-- Supplied material --
☆ ☆ ☆
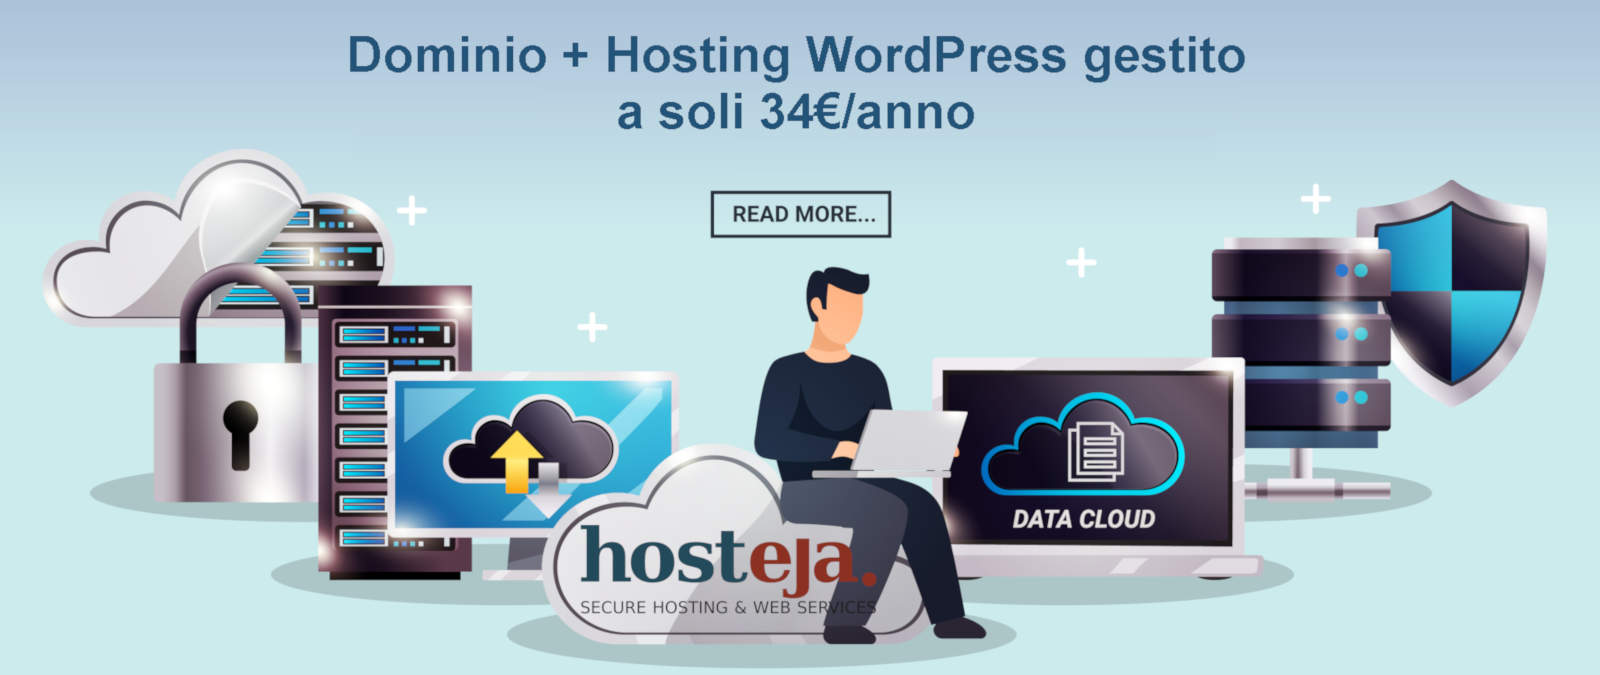 Dominio + Hosting WordPress gestito, Hosteja.com - Hosting Service Provider
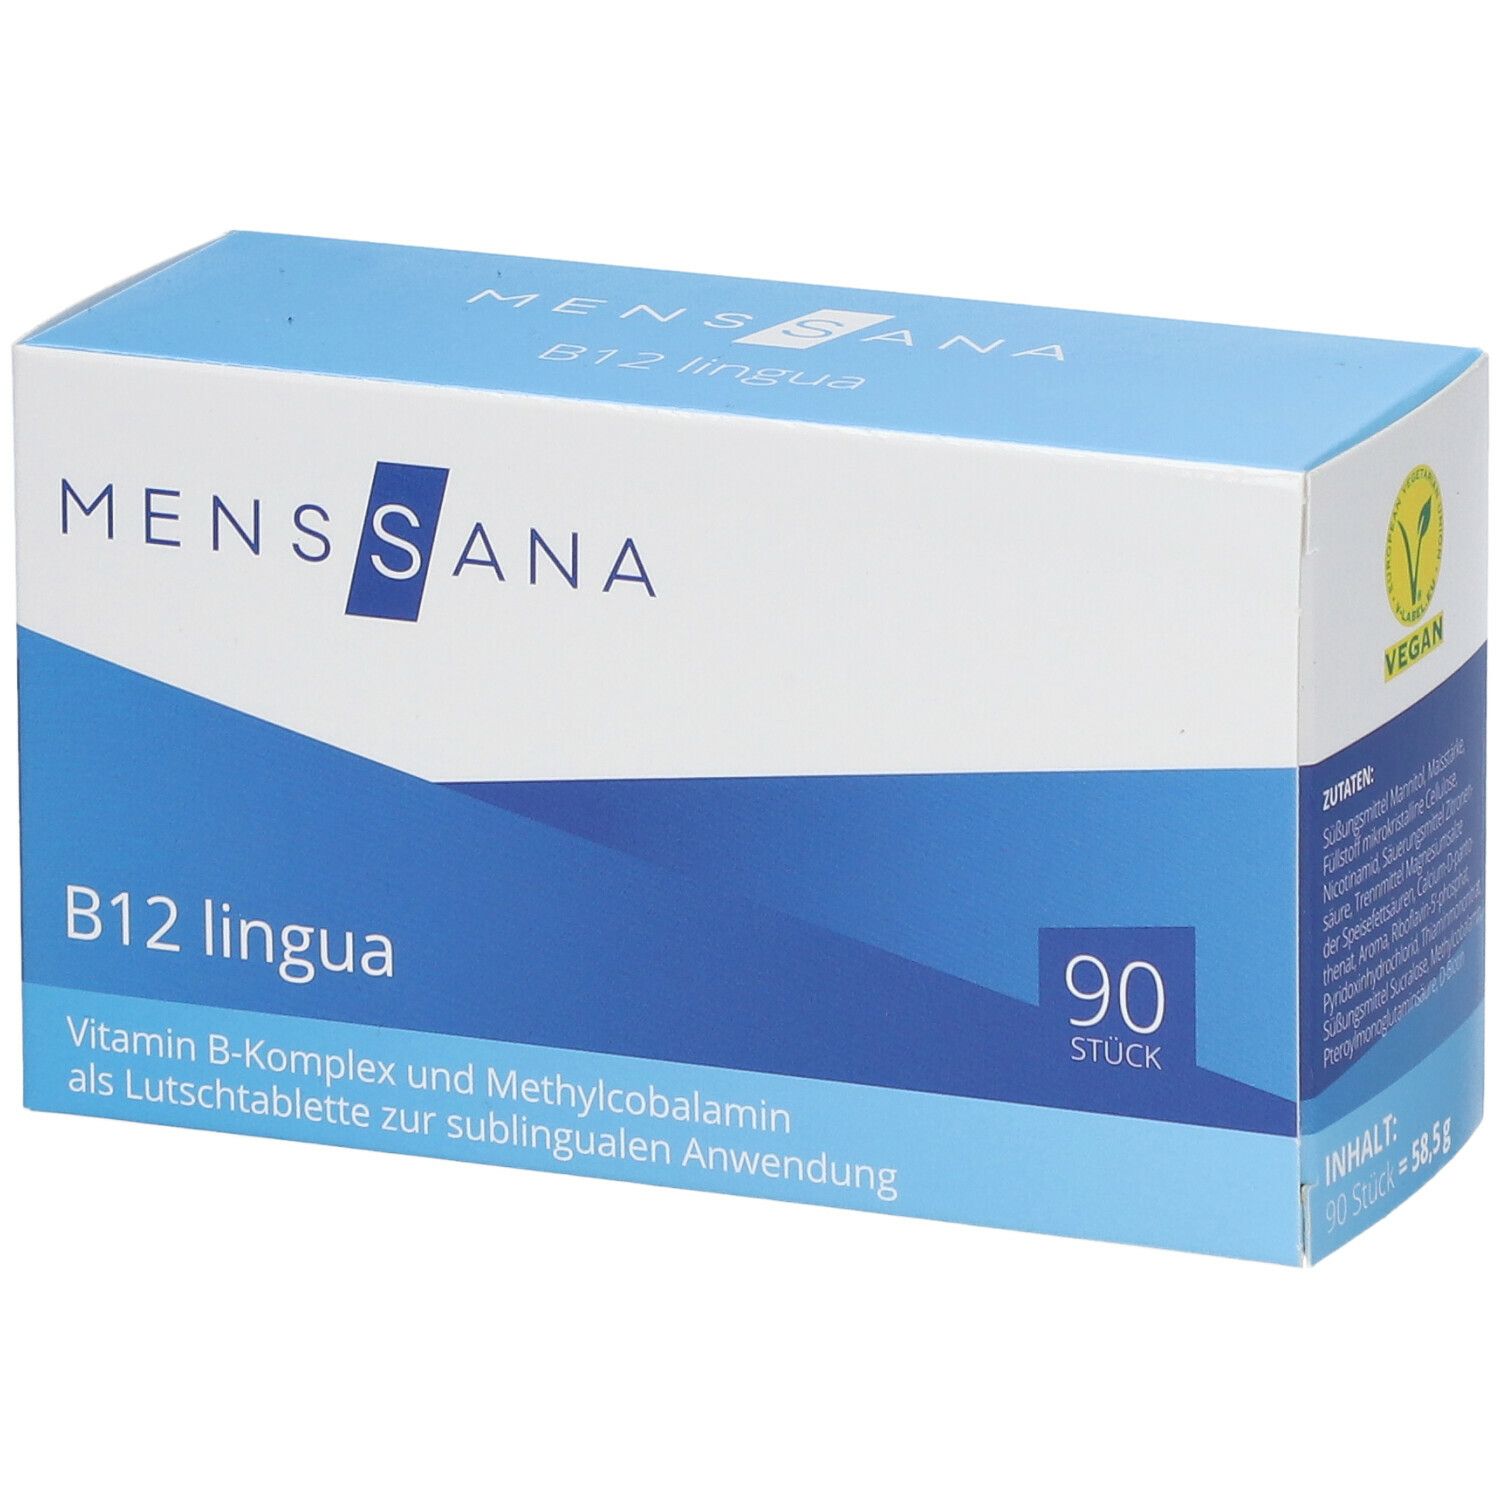 Image of MensSana B12 lingua
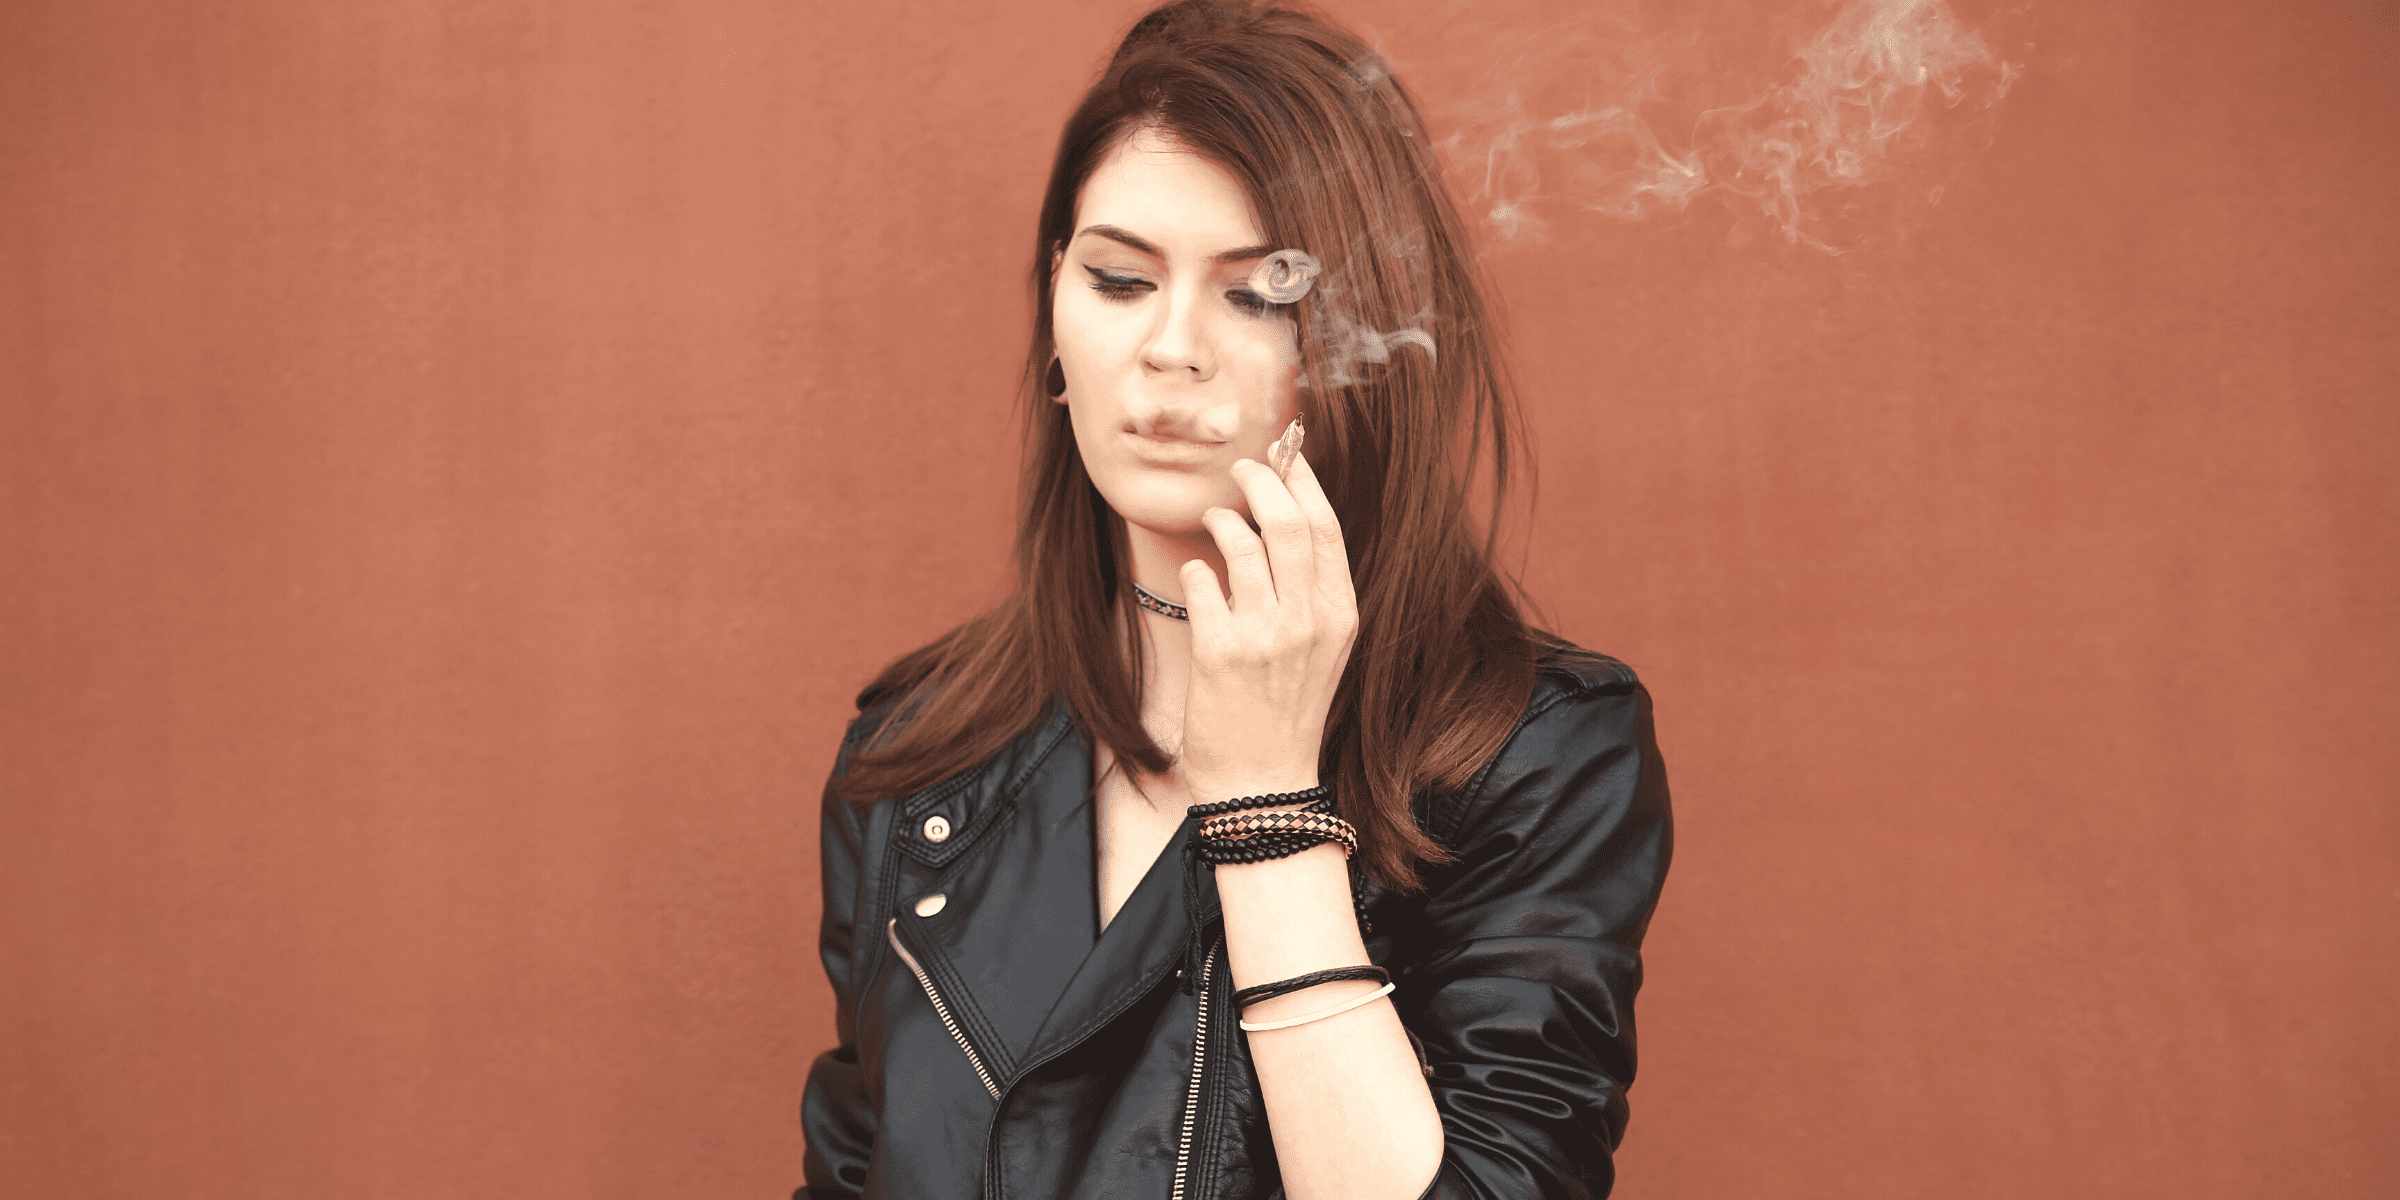 young woman in motorcycle jacket smoking weed via marijuana joint
☆ ☆ ☆
-- Your task --
Every word of the data should be reproduced exactly; please omit any pictures.

-- Reply --
 Dominio + Hosting WordPress gestito, Hosteja.com - Hosting Service Provider
 Image of MensSana B12 lingua
 young woman in motorcycle jacket smoking weed via marijuana joint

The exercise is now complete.